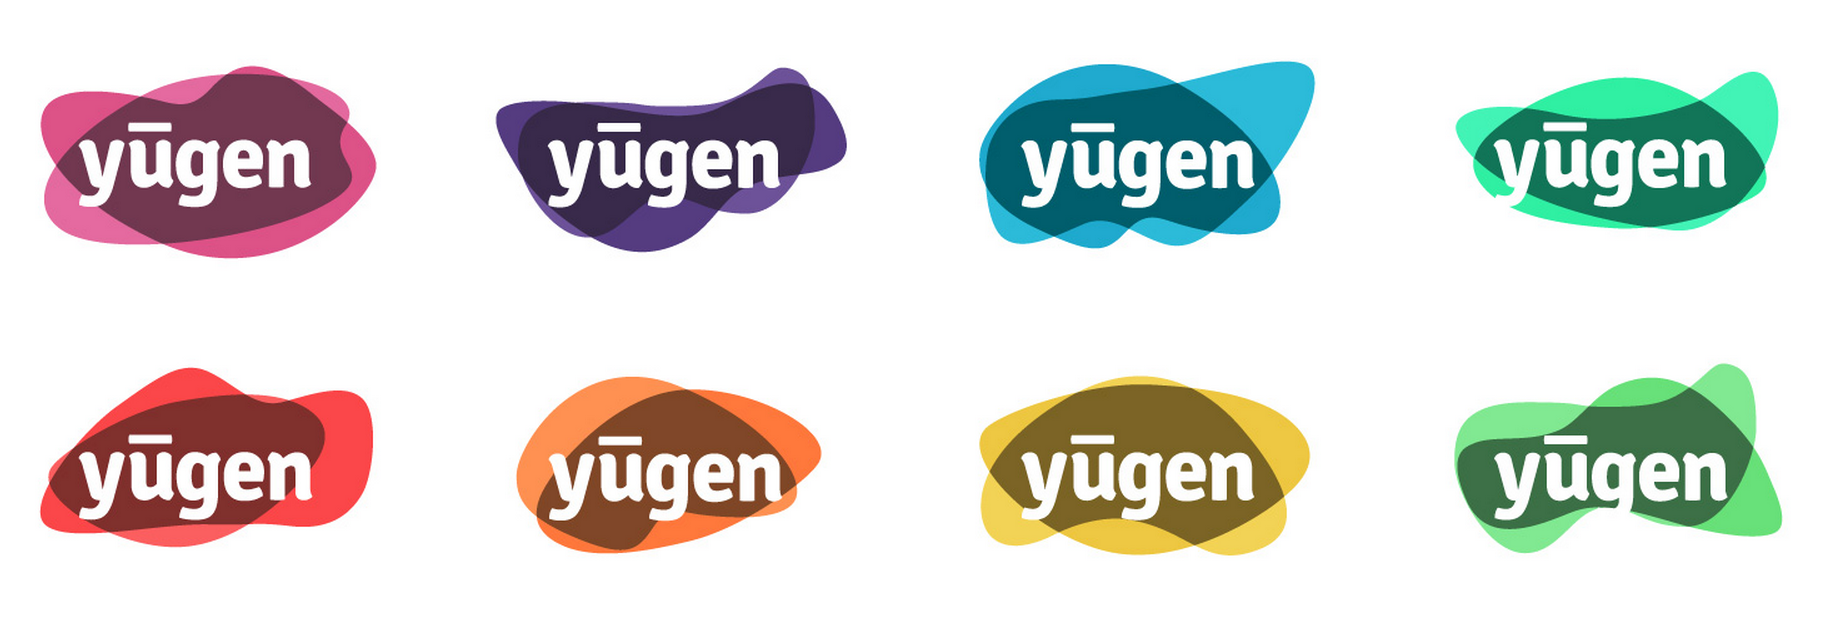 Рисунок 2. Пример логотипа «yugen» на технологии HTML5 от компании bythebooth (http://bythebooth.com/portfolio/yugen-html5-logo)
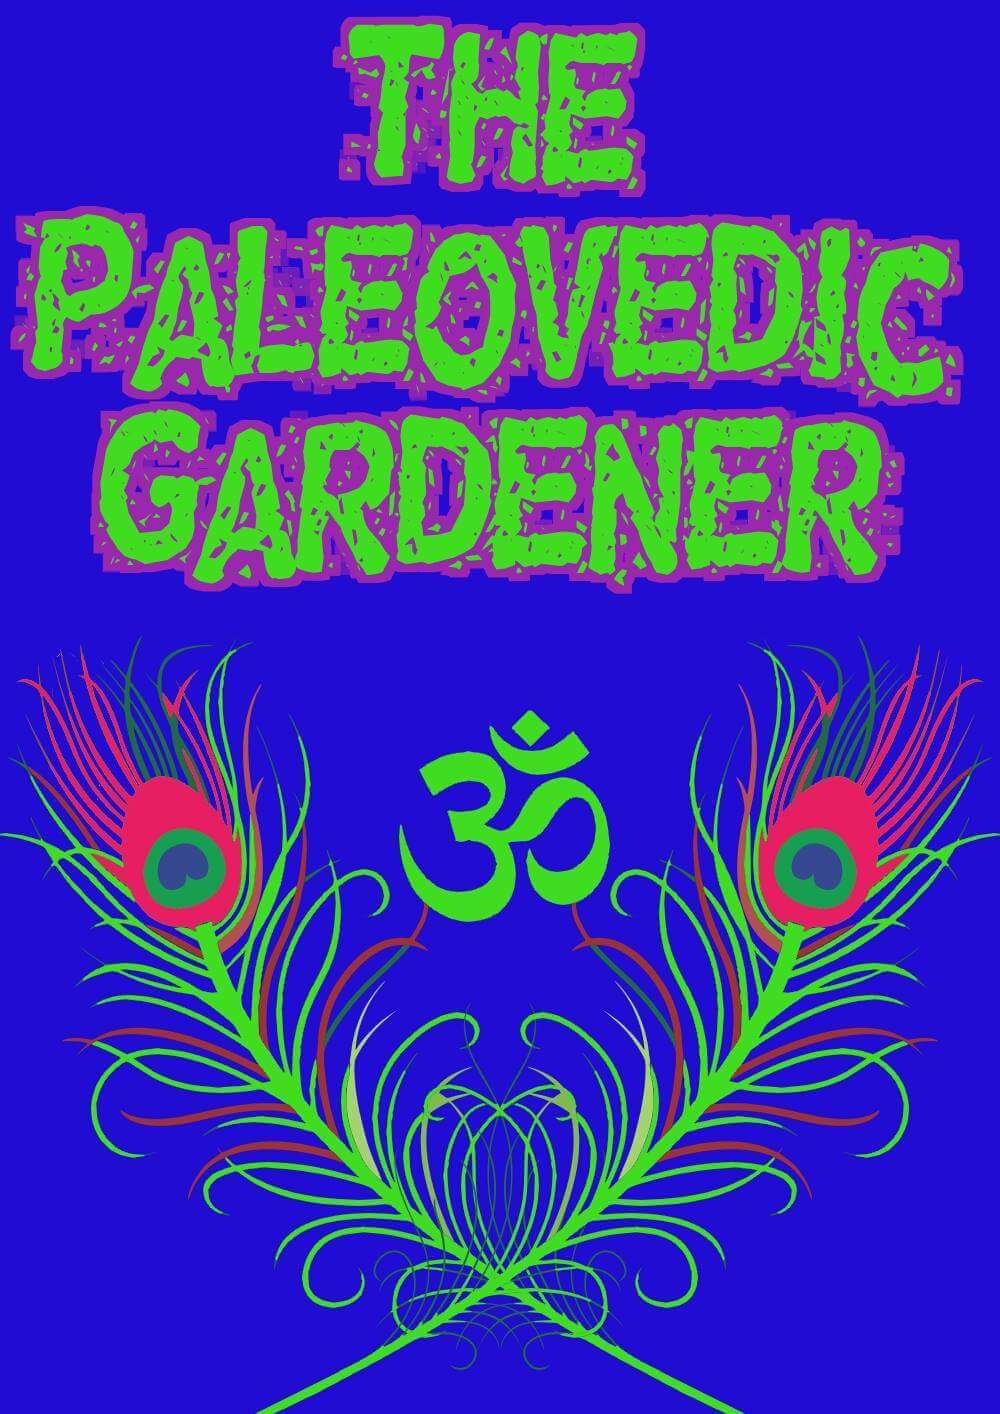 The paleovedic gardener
***
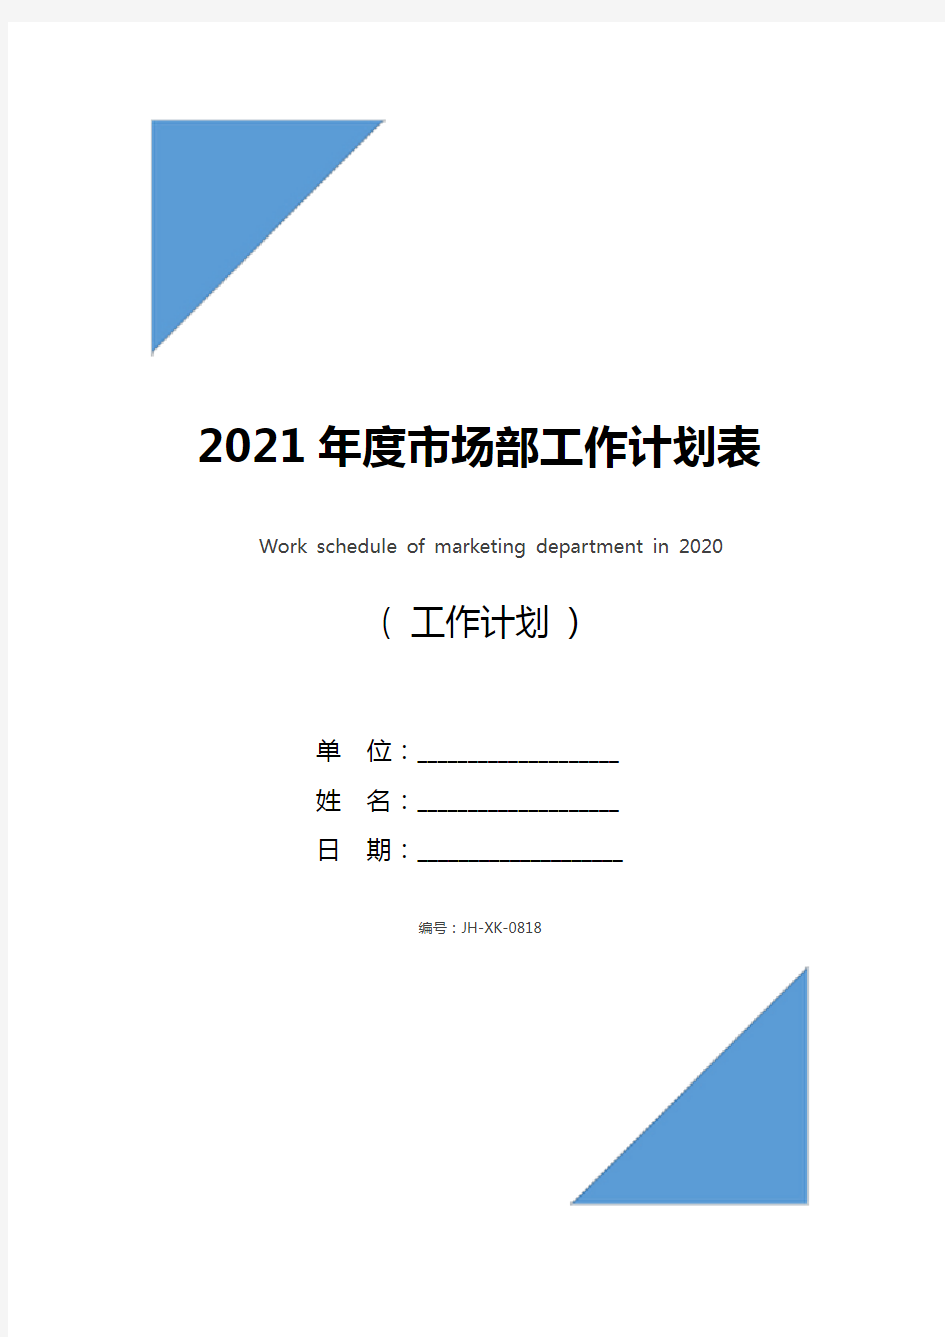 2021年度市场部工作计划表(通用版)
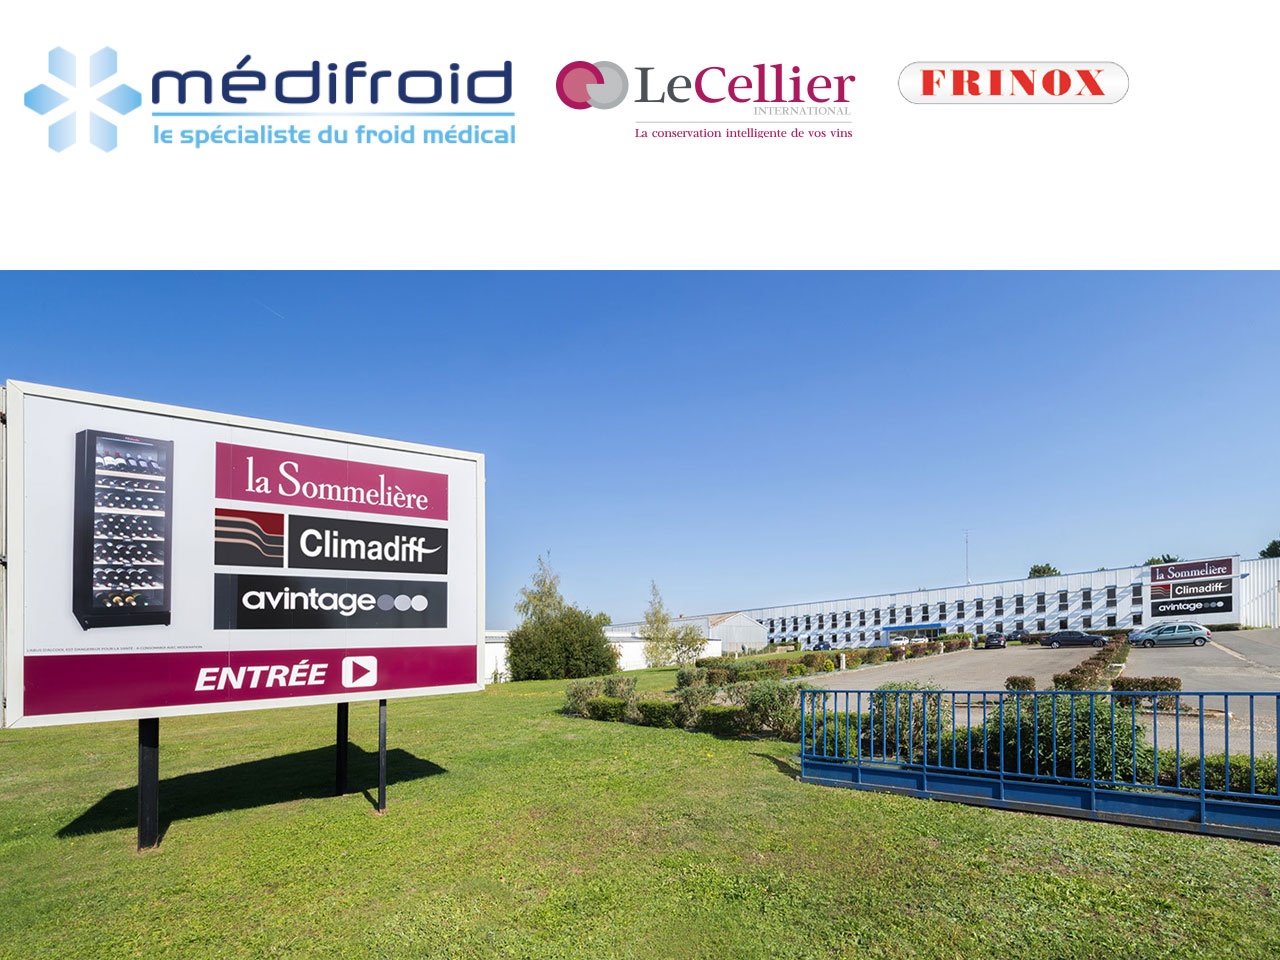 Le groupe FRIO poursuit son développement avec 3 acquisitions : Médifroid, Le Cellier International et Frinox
***
Problem » Above are the records; please give again, exactly and in full, only the lines that run from the line with "2021年度市场部工作计划表(通用版)" through the line with "Le groupe FRIO", with no pictures.

Reply to the task »
 2021年度市场部工作计划表(通用版)
 Le groupe FRIO poursuit son développement avec 3 acquisitions : Médifroid, Le Cellier International et Frinox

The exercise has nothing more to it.